Se non discute il Pd sparisce
PAOLO CREPET
Una sensazione imbarazzante si nasconde nel dramma che affonda il pur necessario dibattito all’interno del Partito democratico. Un’ingessatura, quasi formale, ossessionata e rincorsa da statistiche impietose che inquadrano una realtà in lenta, quasi fatale, discesa. Nanni Moretti in “Palombella rossa” ha illustrato mirabilmente la metafora della fine di un’era, quella del Pci, che aveva stravolto le emozioni di milioni di persone, più di quelle che avevano votato o simpatizzato per le idee che quel partito rappresentava.
Oggi i numeri fanno pensare che la “crisi” sia meno rilevante e molti che vengono, direttamente o no, da quella tradizione culturale reagiscono con egoismo, convinti che ciò che si discute riguardi una minoranza residuale. L’indifferenza è una cifra individuale e collettiva di quanto sta accadendo. La stessa discussione dentro e attorno al Pd lo dimostra: l’elegante passo indietro di Maurizio de Giovanni da un organo importante di quel partito è avvenuto senza la giusta eco, quasi in sordina. Omettere per sopravvivere, agevolare la rimozione per annientare memoria e responsabilità. Come la vicenda del Qatargate, vissuta con evidente irritazione come se occorresse rimarcare, a ogni emplosione derubricata a cronaca, che non si devono disturbare i manovratori.

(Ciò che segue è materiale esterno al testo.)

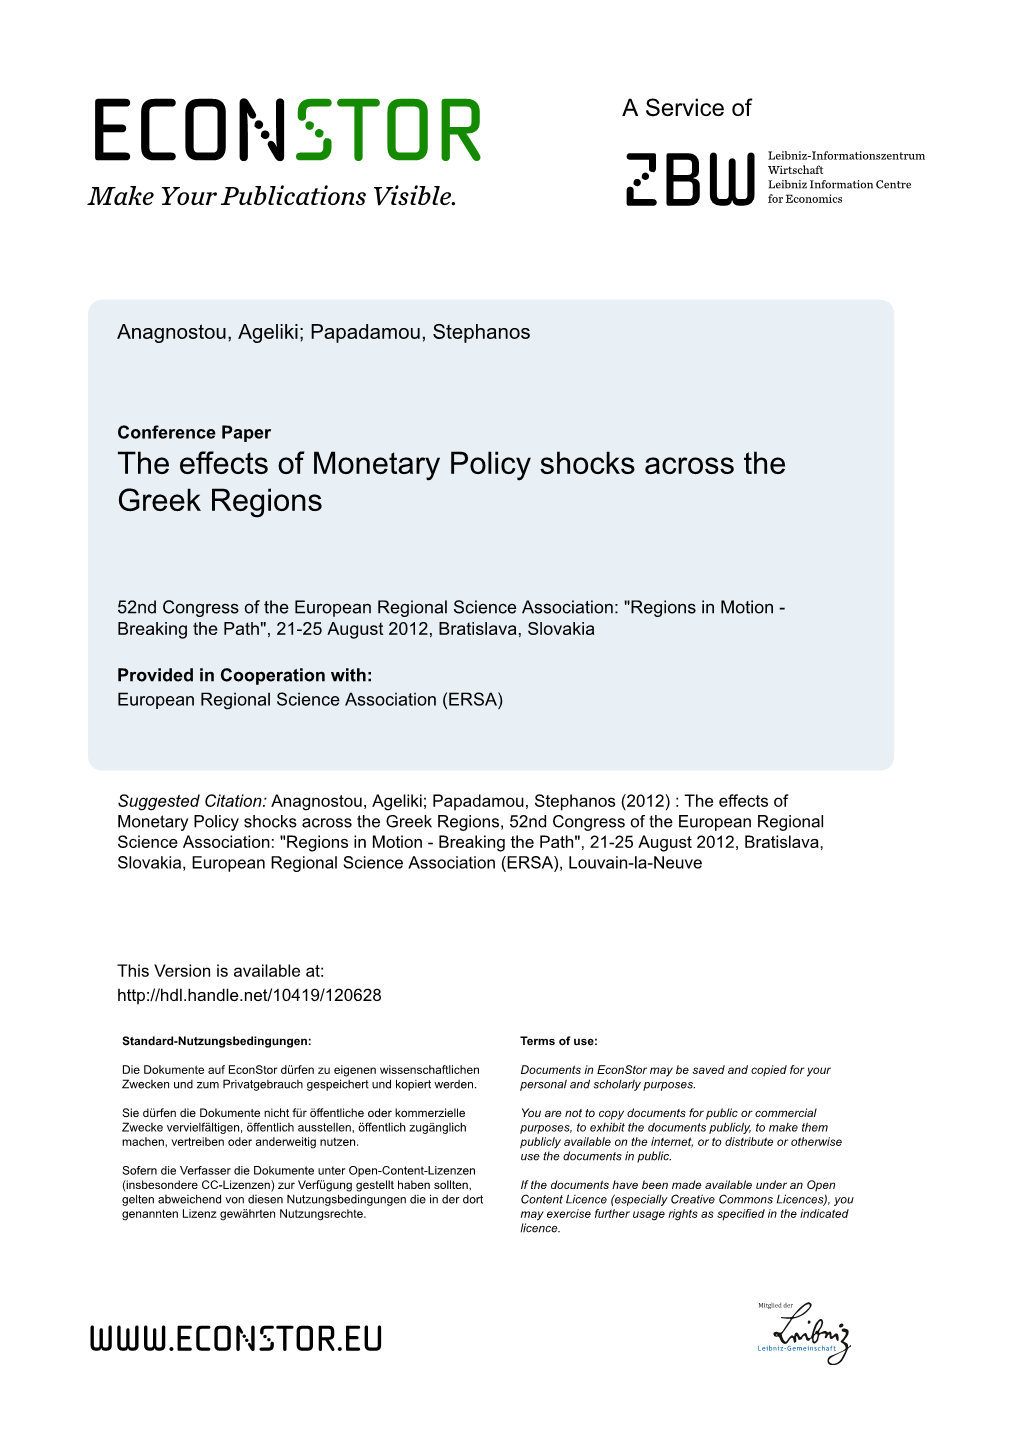 The Effects of Monetary Policy Shocks Across the Greek Regions

Ridurre la scena incomoda, affermare che il dolo sia sempre di altri, di pochi. Come se l’eccezione non parlasse metaforicamente della norma. Anche la morte di un intellettuale come Alberto Asor Rosa appare scialbata dall’attuale oratoria dirigenziale: figura evidentemente scomoda per non essere dirottata dal presente. “Parole, parole, parole” la rubrica dell’epistemologo Paolo Fabbri, amico e collega di Umberto Eco, ospitata nell’Unità di vent’anni fa, intuiva il rischio: il parlar generico cela il terrore che qualcosa possa dividere, detesta il confronto non formale. Prevale l’idea di un cerchio di gesso che unisce attorno al nulla. Si scappa dalle antitesi rifugiandosi nel linguaggio conformistico. Invece la realtà preme e chiede implacabilmente alla politica.
Che cosa pensa la futura dirigenza del Pd della sfida energetica: ha ragione Gavino Ledda a prospettare come un incubo il progetto di erigere centinaia di pale eoliche alte 300 metri tutt’attorno alla Sardegna? Come si tutelano il paesaggio e la bellezza? Come trasformare l’abominio per il terrore omicida degli ayatollah iraniani in pratica politica che non si limiti alle sacrosante proteste di piazza a fianco delle donne e dei giovani martiri della libertà? Che dicono i candidati degli affari che il nostro paese fa con l’Iran (quest’anno l’export è aumentato del 16%)? Come valutare il rapporto tra digitale e educazione? Vanno bene anche insegnanti avatar e adolescenti con visore? E il disagio di decine di migliaia di giovani e di genitori come si affronta? Basta il “bonus psicologo” o occorre una nuova rete di servizi competenti?